Not all patients with α1-antitrypsin deficiency will develop liver disease. Therefore, other factors must be involved in the pathogenesis of the disease including increased production or decreased degradation. A possible mechanism is the serpin-enzyme complex, which is activated by α1-antitrypsin–elastase complex or other inflammatory mediators. Defects in hepatic proteasome action or other mechanisms involved in removing abnormal protein from the endoplasmic reticulum may lead to excessive accumulation of abnormal α1-antitrypsin in the hepatocytes. A possible mechanism is that susceptible individuals may have delayed intracellular degradation of the mutant protein, resulting from abnormalities in calnexin, a protein that interacts with the mutant α1-antitrypsin protein in the endoplasmic reticulum. Mannosidase 1, another endoplasmic reticulum protein, may have a role similar to that of calnexin in directing mutant α1-antitrypsin to the proteasome for degradation. Yet another important pathway to remove accu­mulated α1-antitrypsin polymers relates to autophagy. Indeed, rapamycin and carbamazepine have been shown to be effective in animal models of α1-antitrypsin Z. New therapeutic modalities are aimed at targeting these mechanisms such as the administration of chemical chaperones.
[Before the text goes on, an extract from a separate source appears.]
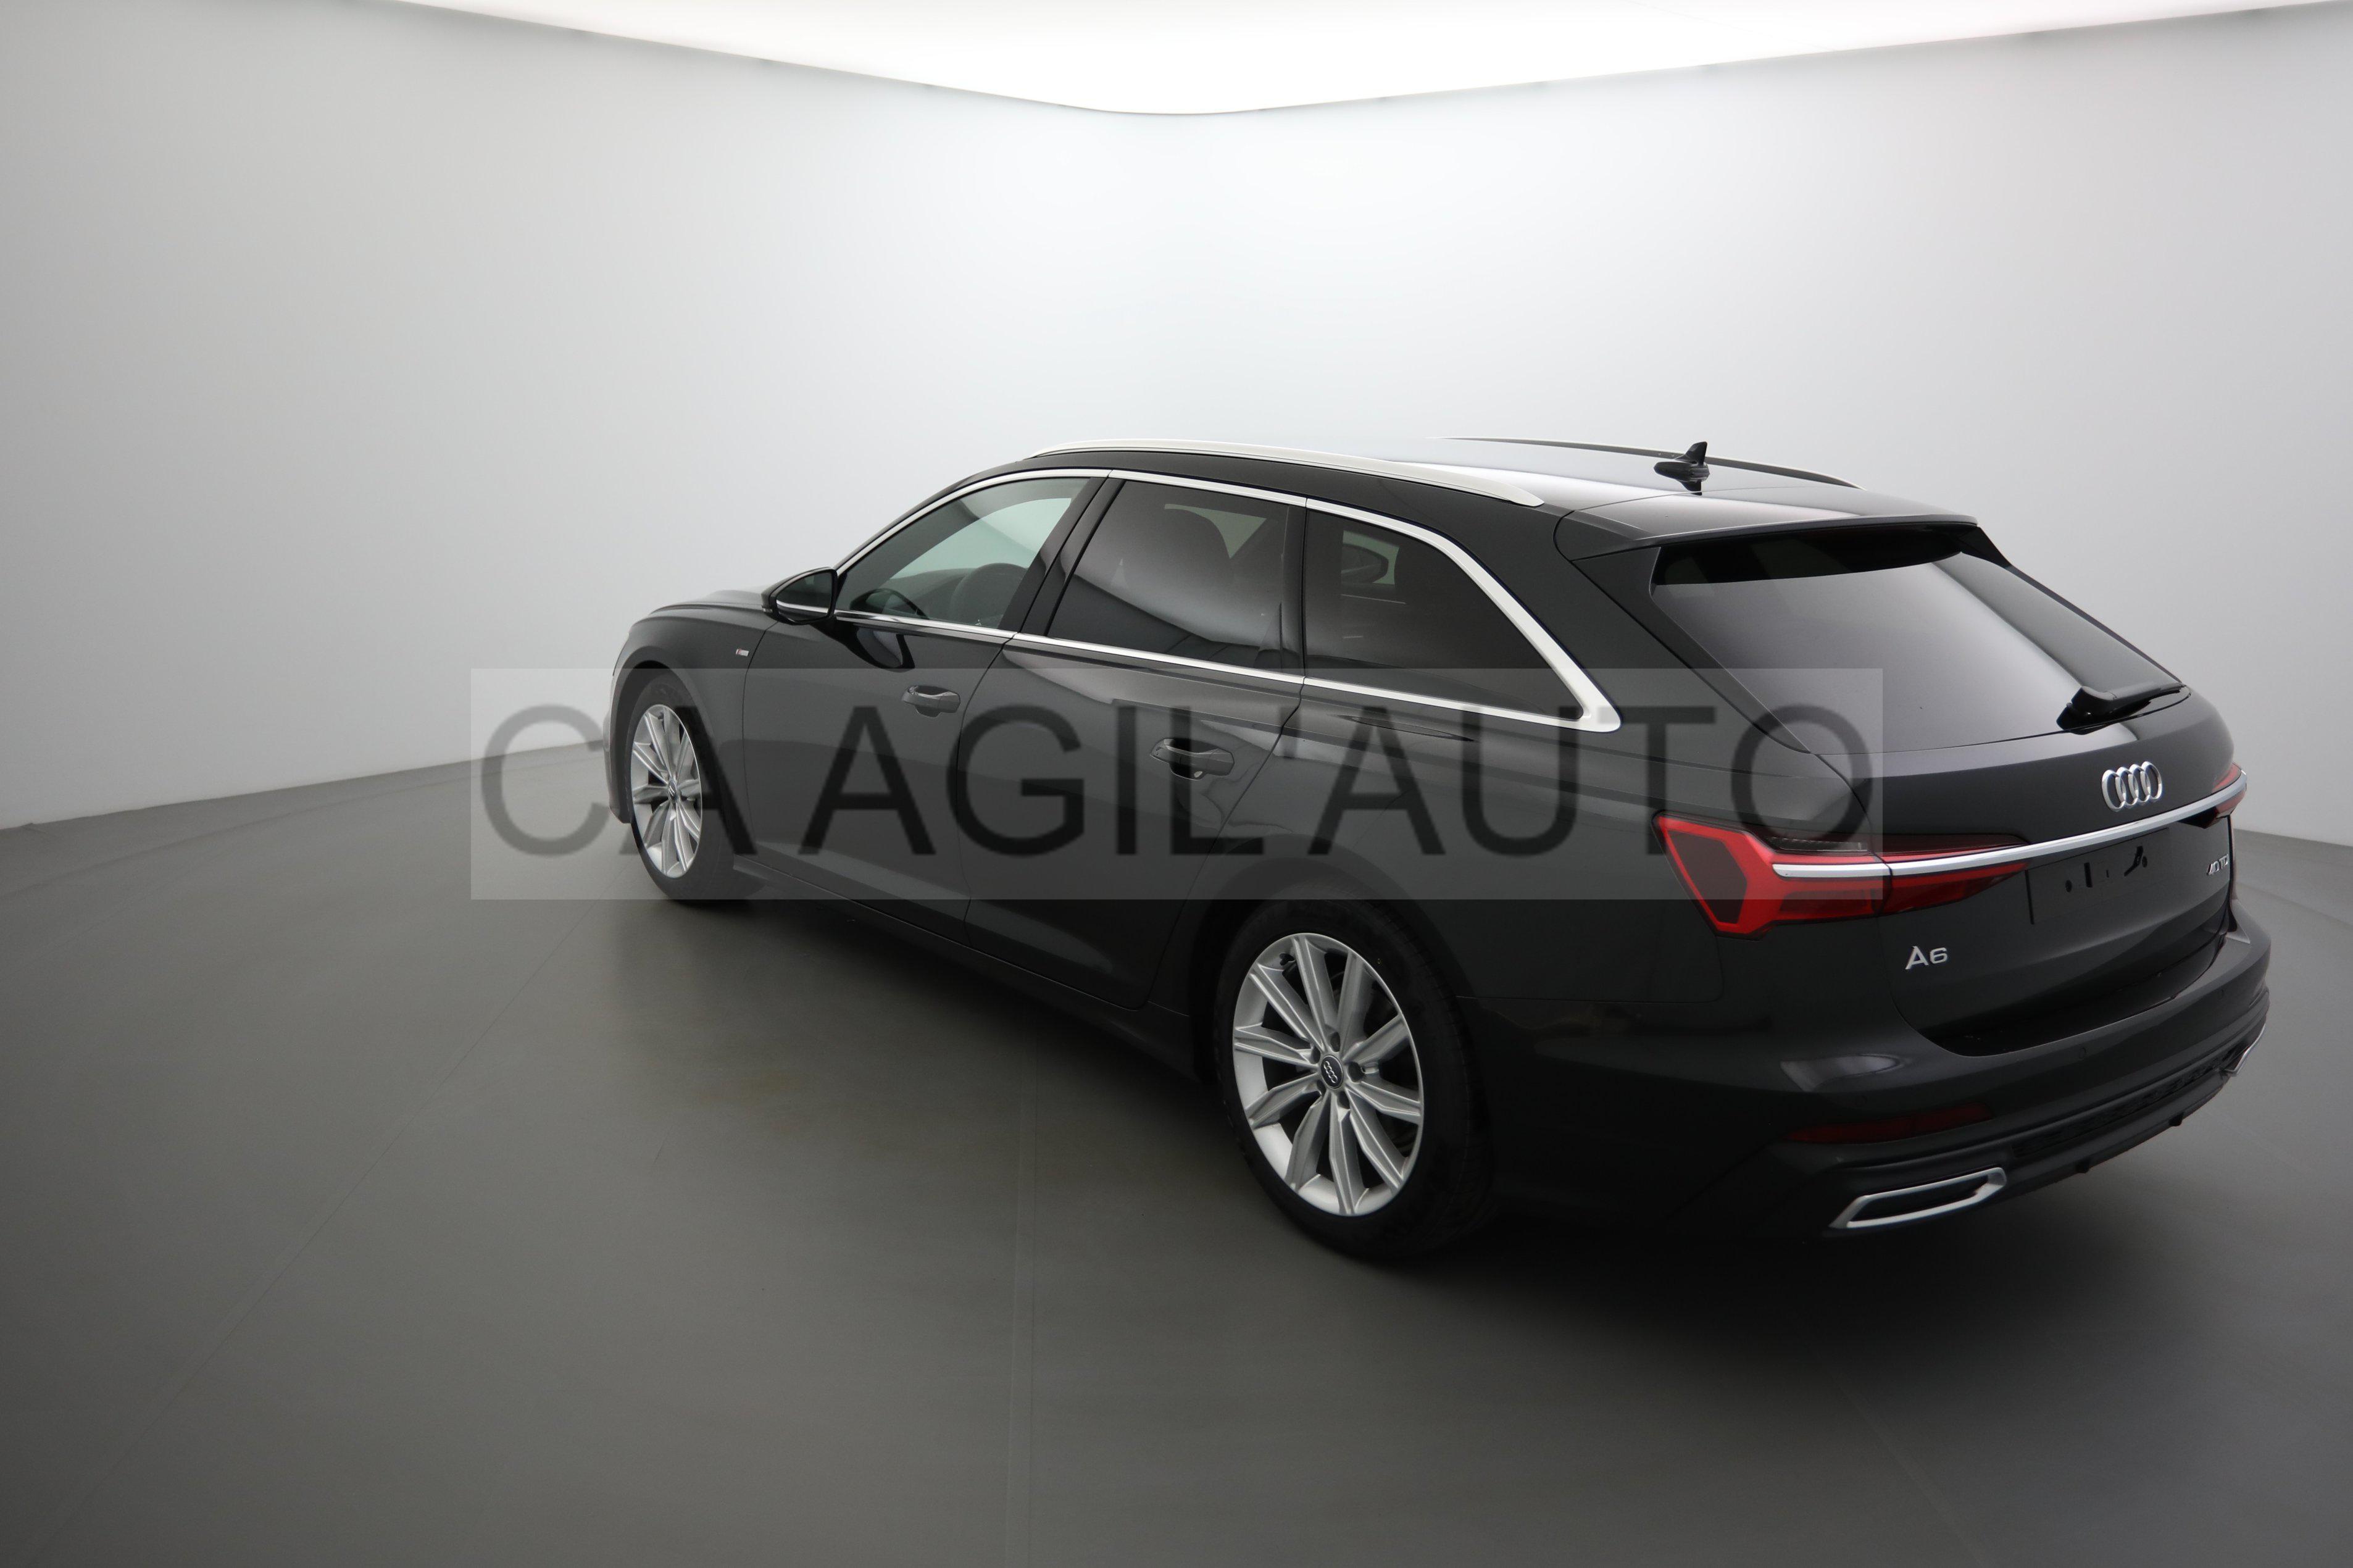 Audi A6 Avant Nouvelle Massy Cedex 11905359 Ca Agil Auto

Although liver injury results from retained α1-antitrypsin glycoprotein in the endoplasmic reticulum, the mechanism of lung injury is different. Lung damage occurs as a result of uninhibited proteolytic changes of the connective tissue secondary to low concentration of circulating α1-antitrypsin.
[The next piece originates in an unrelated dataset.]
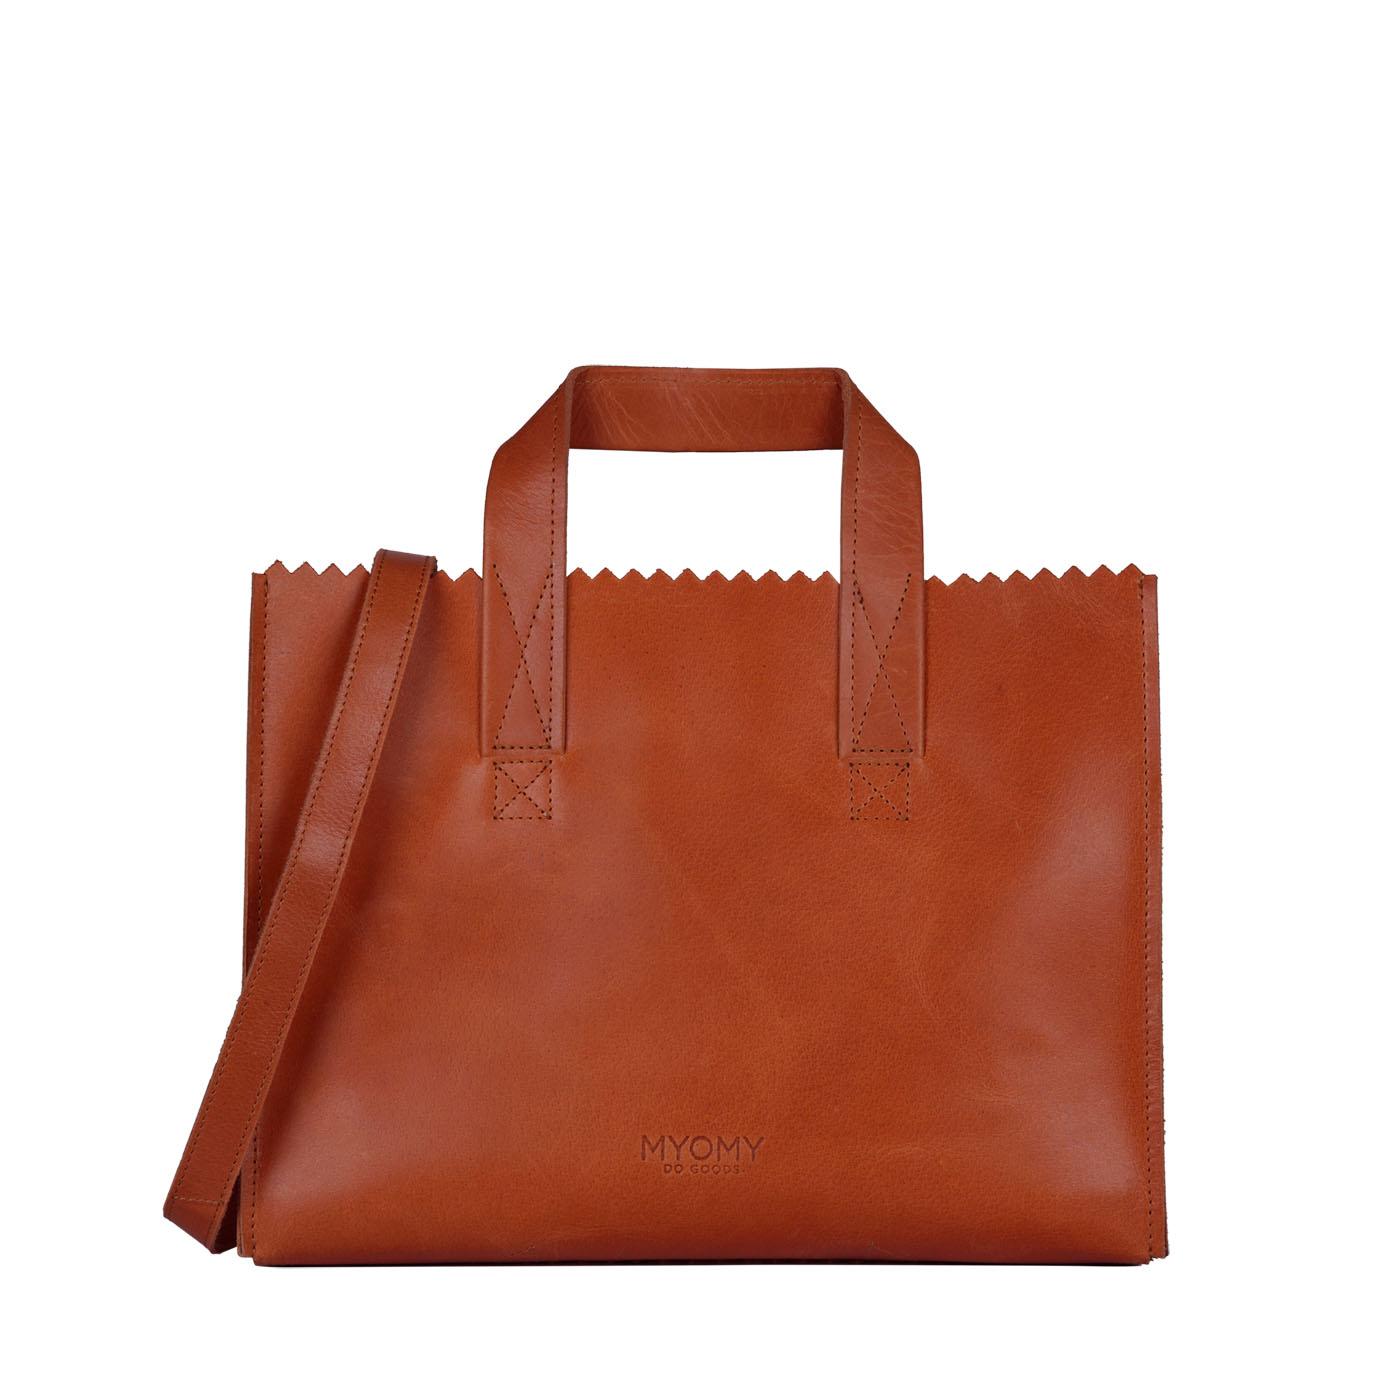 Body Cross Ginger My Myomy Waxy Paper Handbag Bag Hunter UOxn41I

Pathology of Liver Disease in α1-Antitrypsin Deficiency

The hallmark of α1-antitrypsin deficiency is the distinctive accumulation of PAS-positive, diastase-resistant globules in the endoplasmic reticulum in the periportal hepatocytes. These globules enlarge with increasing age. With the hematoxylin and eosin staining, they appear as eosinophilic deposits in the cytoplasm of the hepatocytes. These globules have also been observed in heterozygous individuals.

The absence of liver disease in the few Pi null individuals who have no deposits of these globules indicates that the deposition of the abnormal α1-antitrypsin in the liver has a significant role in the pathogenesis of liver disease. Electronmicroscopy studies show that these amorphous deposits are primarily within the dilated rough endoplasmic reticulum. Liver biopsies in neonates with α1-antitrypsin deficiency have shown three morphologic patterns of hepatic alteration, including hepatocellular damage with a picture compatible with neonatal hepatitis portal fibrosis with biliary duct proliferation and biliary duct hypoplasia.
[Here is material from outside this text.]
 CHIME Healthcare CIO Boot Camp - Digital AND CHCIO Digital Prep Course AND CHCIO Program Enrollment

Diagnosis of α1-Antitrypsin Deficiency

Low serum level of α1-antitrypsin does not indicate the presence of α1-antitrypsin deficiency, since this level could be low secondary to losses of α1-antitrypsin in the gastrointestinal tract or in the lung. Therefore, determination of the α1-antitrypsin phenotype by isoelectric focusing or by agarose electrophoresis at acid pH is indicated. α1-Antitrypsin deficiency should be suspected in neonates with a picture of neonatal hepatitis or in children and adults with unexplained chronic liver disease. Liver biopsies should be stained with PAS following diastase treatment to determine the presence of α1-antitrypsin globules in the periportal hepatocytes.

Treatment of α1-Antitrypsin Deficiency

The two major clinical problems in α1-antitrypsin deficiency are emphysema and liver disease resulting in cirrhosis. Therefore, avoidance of smoking is the most important preventive step in the development of emphysema, because smoking accelerates the destructive lung disease. Once the patient develops cirrhosis, liver transplantation is the only viable option for these patients. Replacement therapy of α1-antitrypsin deficiency has been done in emphysema patients, and found to be effective in raising the concentration of α1-antitrypsin in the serum and in the lung. The α1-antitrypsin in the lung has been shown to be active in neutralizing the neutrophil elastases. A recombinant α1-antitrypsin has been produced in Escherichia coli and in yeast, and was noted to be functional as an elastase inhibitor. However, because the recombinant α1-antitrypsin lacks the carbohydrate side chain, this product is unstable with a short half-life.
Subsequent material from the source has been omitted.